Five large hills look completely out of place along the otherwise-flat coastline between Danang and Hoi An. These are the Marble Mountains, each named for a different element: Thủy (Water), Hỏa (Fire), Thổ (Earth), Kim (Metal) and Mộc (Wood). They were once mined for rock, and a number of stone workshops are still found in the area, but today the mountains are a popular tourism destination.
The largest of the Marble Mountains, and the only one with an official entrance fee, is the Water Mountain, Thủy Sơn. Before hiking up, we paid a little extra to enter a cave at the base of the rock. We were surprised by its size. The Marble Mountains don’t look large, but they’re practically hollow. The roof of this cave went all the way up, and entering was like stepping into an enormous cathedral.

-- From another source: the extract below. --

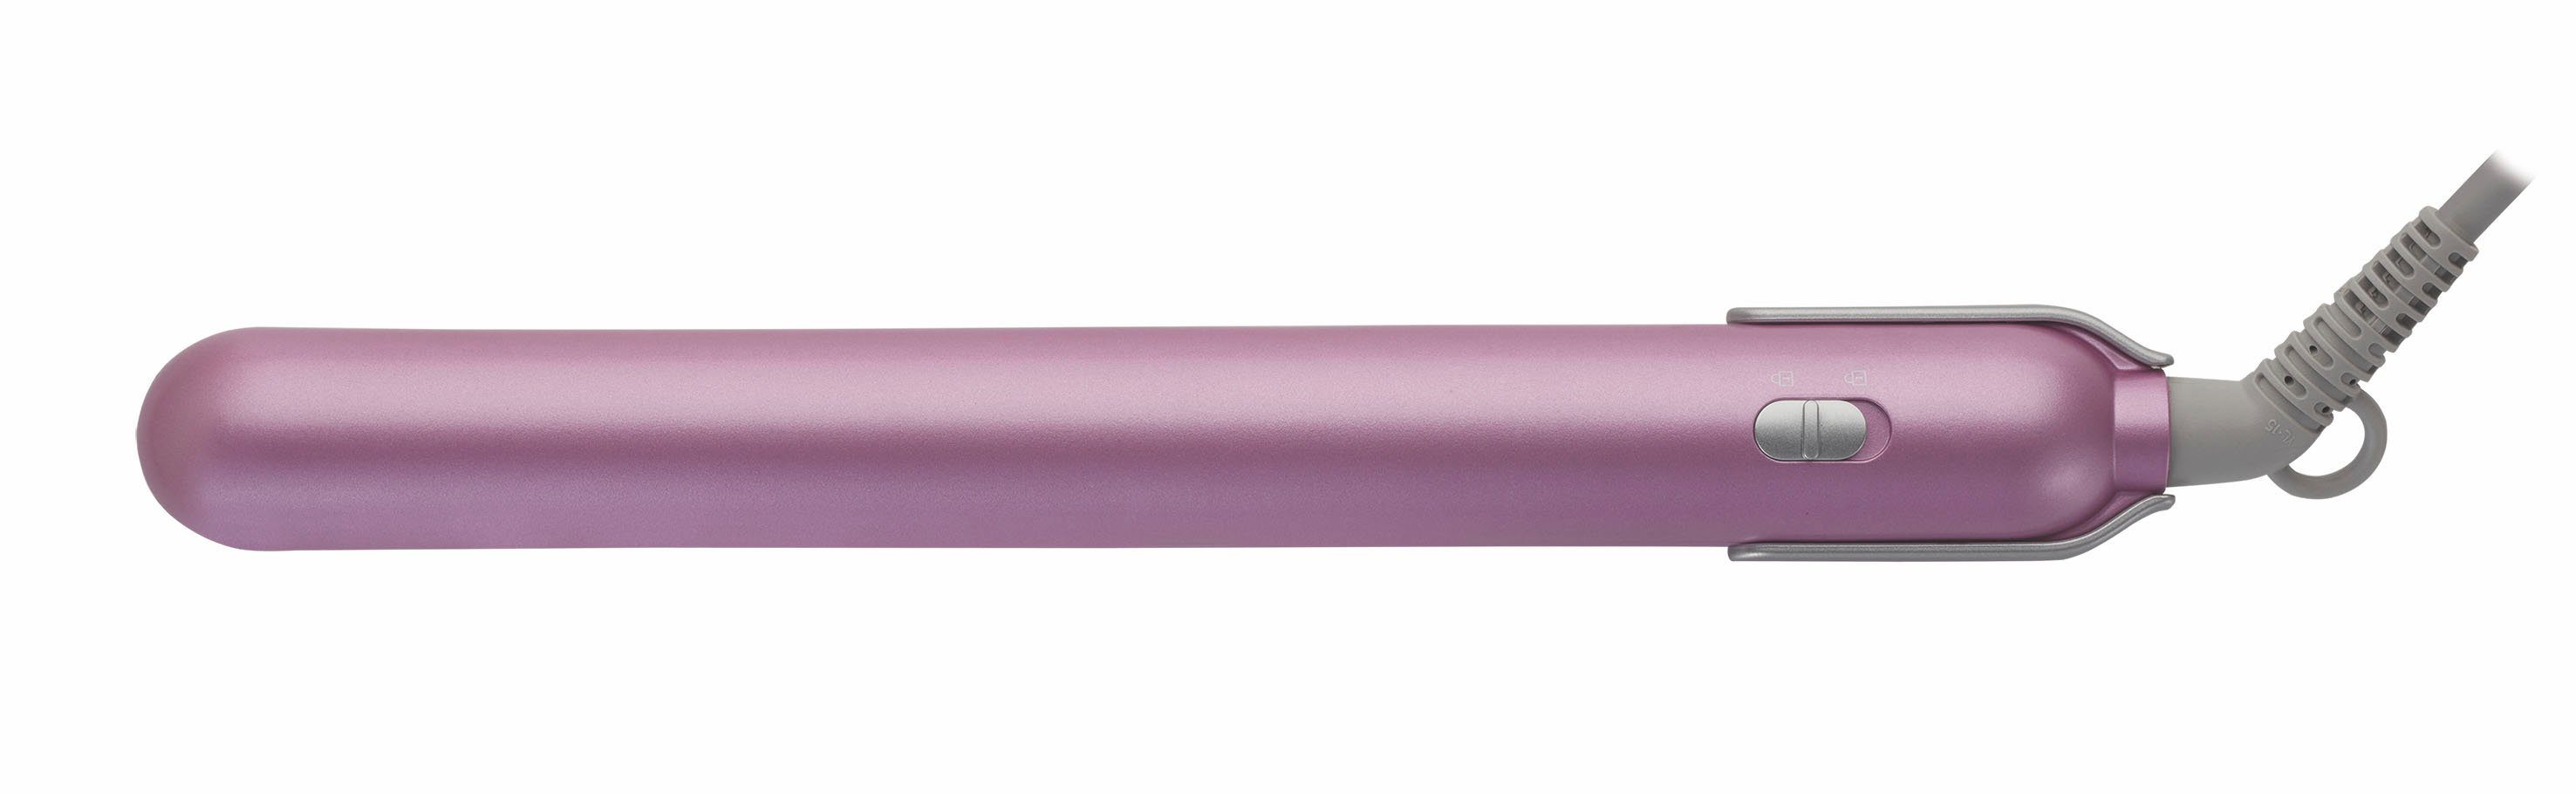 Lotusöl Pink HS Glätteisen Keramikbeschichtung 7130 mit Grundig

The Marble Mountains have strong religious connotations for the Vietnamese, who have decorated them with dozens of shrines and icons. In the lower levels of the first cave, we saw a representation of Buddhist Hell, with sinners being dismembered and tortured by demons. After plunging ourselves into the depths, we climbed a dizzying flight of stone steps to the top of the cave and out into the fresh air, where there was a tremendous view of the coastline.
Exiting the cave, we began our real ascent up the mountain, choosing to bypass the new glass elevator installed along the side of the rock in favor of an old-fashioned flight of stairs. Thủy Sơn is crowded with temples, shrines, viewpoints and vendors, and the number of other visitors was overwhelming. We checked out a couple viewpoints, threw a cursory glance into some temples, and then found the entrance to another cave on the far side of the mountain. This was even more impressive than the first one, if only because of the two rays of sunlight shining on the ground like spotlights.
Our original plan had been to check out each of the five Marble Mountains, but Thủy Sơn required so much time, that we had to reconsider. We made a beeline for Kim Sơn (Metal Mountain), and parked our bike next to a group of young monks-in-training. It didn’t take long before a local guide ran over, and offered to take us into two separate caves. We were able to haggle him down to Đ30,000 apiece for the tour.
Although neither of these caves was as spectacular as the two at Thủy Sơn, we enjoyed them thanks to the total lack of other people. This was a perfect example of something we’d find over and over again during our time in Vietnam. The first mountain, Thủy Sơn, was popular to the point of obnoxiousness, while all of the other mountains didn’t have a single visitor. There’s no middle ground; everyone gravitates toward the same experiences. If big crowds are getting you down, just step off the beaten path. The moment you do, you’re likely to find some amazing solitary moments.